At the powerful, grinning nudges of my three children, I applied.  Then I waited. Periodically I’d receive a message from the Peace Corps asking for answers to various questions regarding my finances, my health, my language skills.  Eventually those messages came more frequently and once again I saw myself in the midst of something big happening right before my eyes.  They were considering me for a post somewhere in a spanish speaking country!  Really?  Really.  A spanish-speaking country. Latin America.  South.  How far south?  But, but, but, what if my daughter and son-in-law have a baby, what if my son gets engaged?   Oh mother, are you really going to deny yourself this incredible opportunity based on the what-ifs of life?   Well, no.  You’ve got a point.  I suppose not.

Here I am, sitting in my sweet little casita in the middle of Paraguay, South America on the 53rd anniversary of the day – March 1, 1961 – when President Kennedy issued the executive order to establish the Peace Corps.  My house is painted multiple bright colors inside and out….turquoise, purple, goldenrod yellow and cranberry.  The streets are cobblestone.  Eucalyptus trees with their blonde, smooth bark, provide a luscious scent.  Enormous mango trees drop dozens of ripe fruit onto my patio, providing an easy midday snack.  Everything I want to communicate and every conversation I have is in spanish.  Around me I hear smatterings of an indigenous tribal language called guarani, in the form of what’s called jopara, a mix of guarani and spanish.  I struggle to speak it as I try one syllable with its nasal sound and another syllable with its guttural sound.  I don’t drink a glass of iced tea, I drink terreré out of a guampa, using a bombillia as my straw.  My current schedule, as well as plans for the coming months, consist of classes in topics I love, for children and adolescents.  Self-esteem and leadership, character-building activities, english, violin, art, and another topic that speaks so clearly to me called “Construye Tus Sueños” which means Build Your Dreams.  Teaching that class seems just the right thing to do, considering.
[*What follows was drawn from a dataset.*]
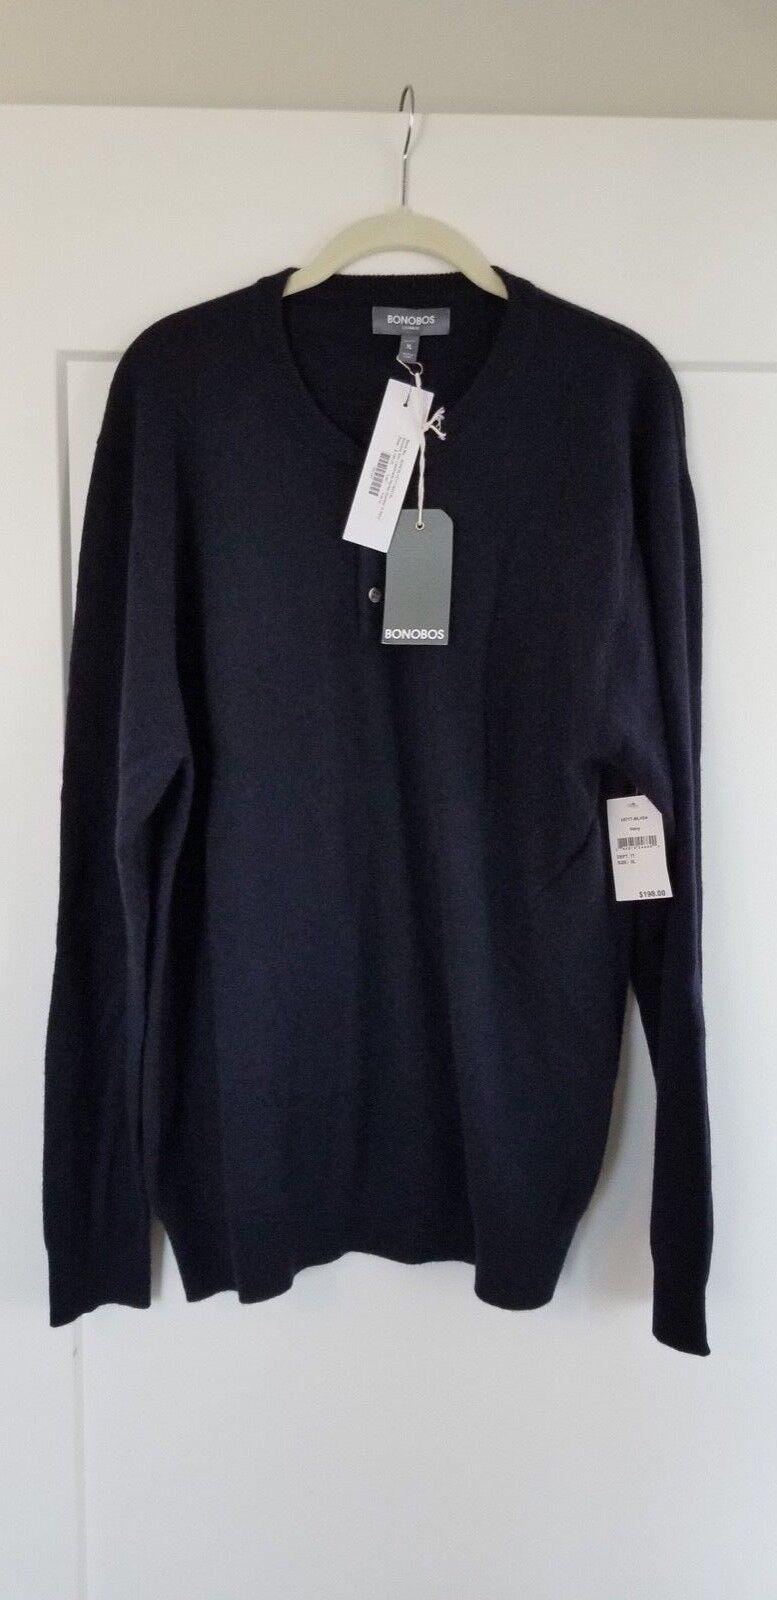 Mens Bonobos Henley Cashmere Sweater Size XL Navy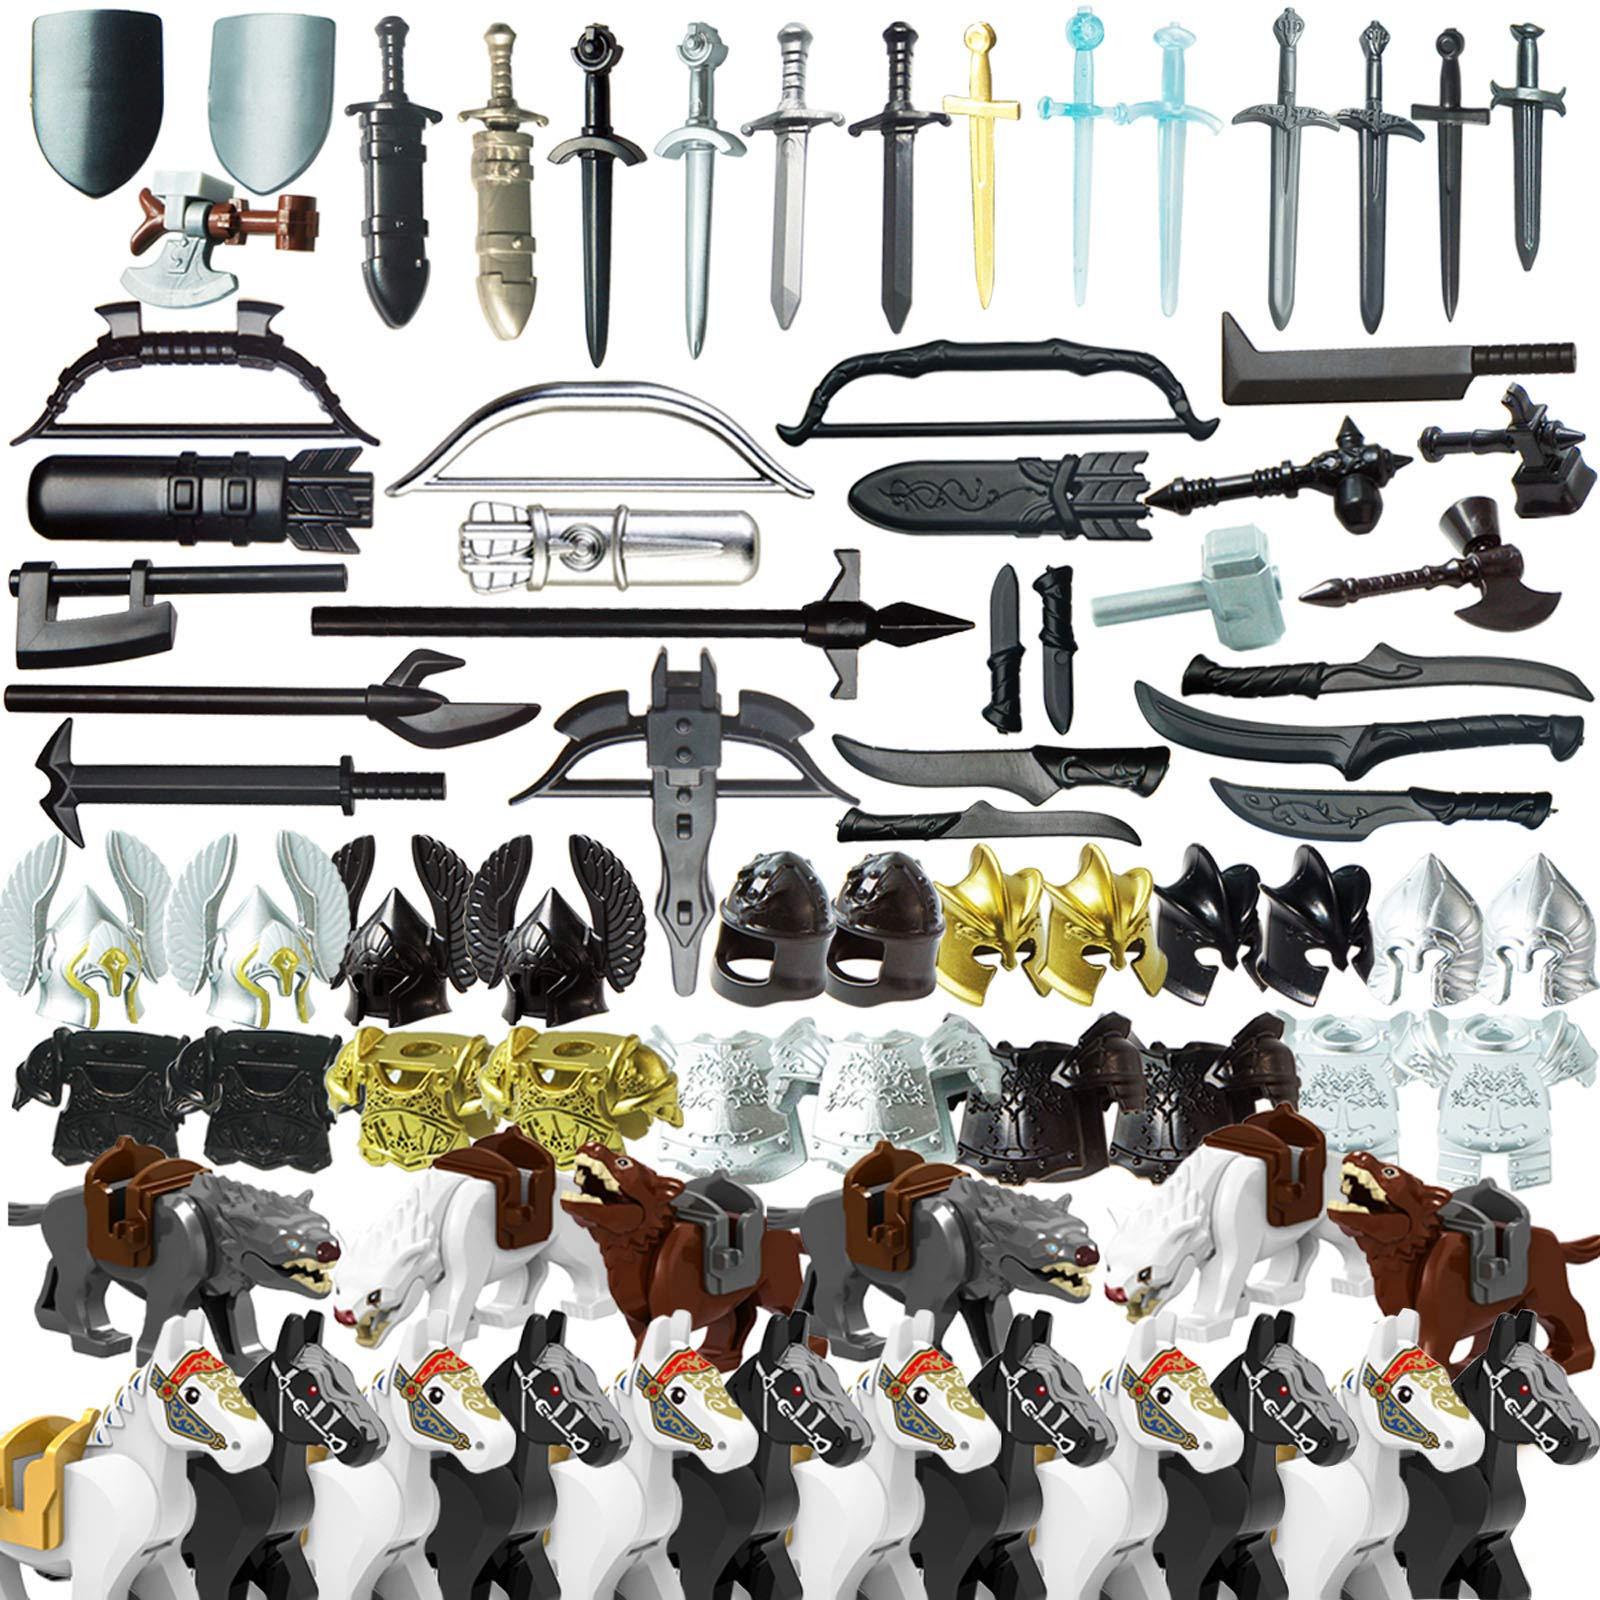 Goshfun 80Pcs Ancient Greek Ancient Roman Medieval Figure Weapon Armor Set, Small Particle Building Block Toy Kit

President Kennedy’s constant message on courage has stayed with me all these years.  I have certainly thought about it often and written about it frequently.  I gave a lesson in my site, sharing my thoughts about courage with the youth of my community.  I told them of my strong belief that we need only to muster the courage for the first step.  That’s all.  Just gather yourself up to take that initial, courageous first step.  With that, you have a great chance of reaching your goal, following your dream.  Each step we take provides its own impetus for the next step, and the next.  Before you know, you may find yourself where you’ve always wanted to be.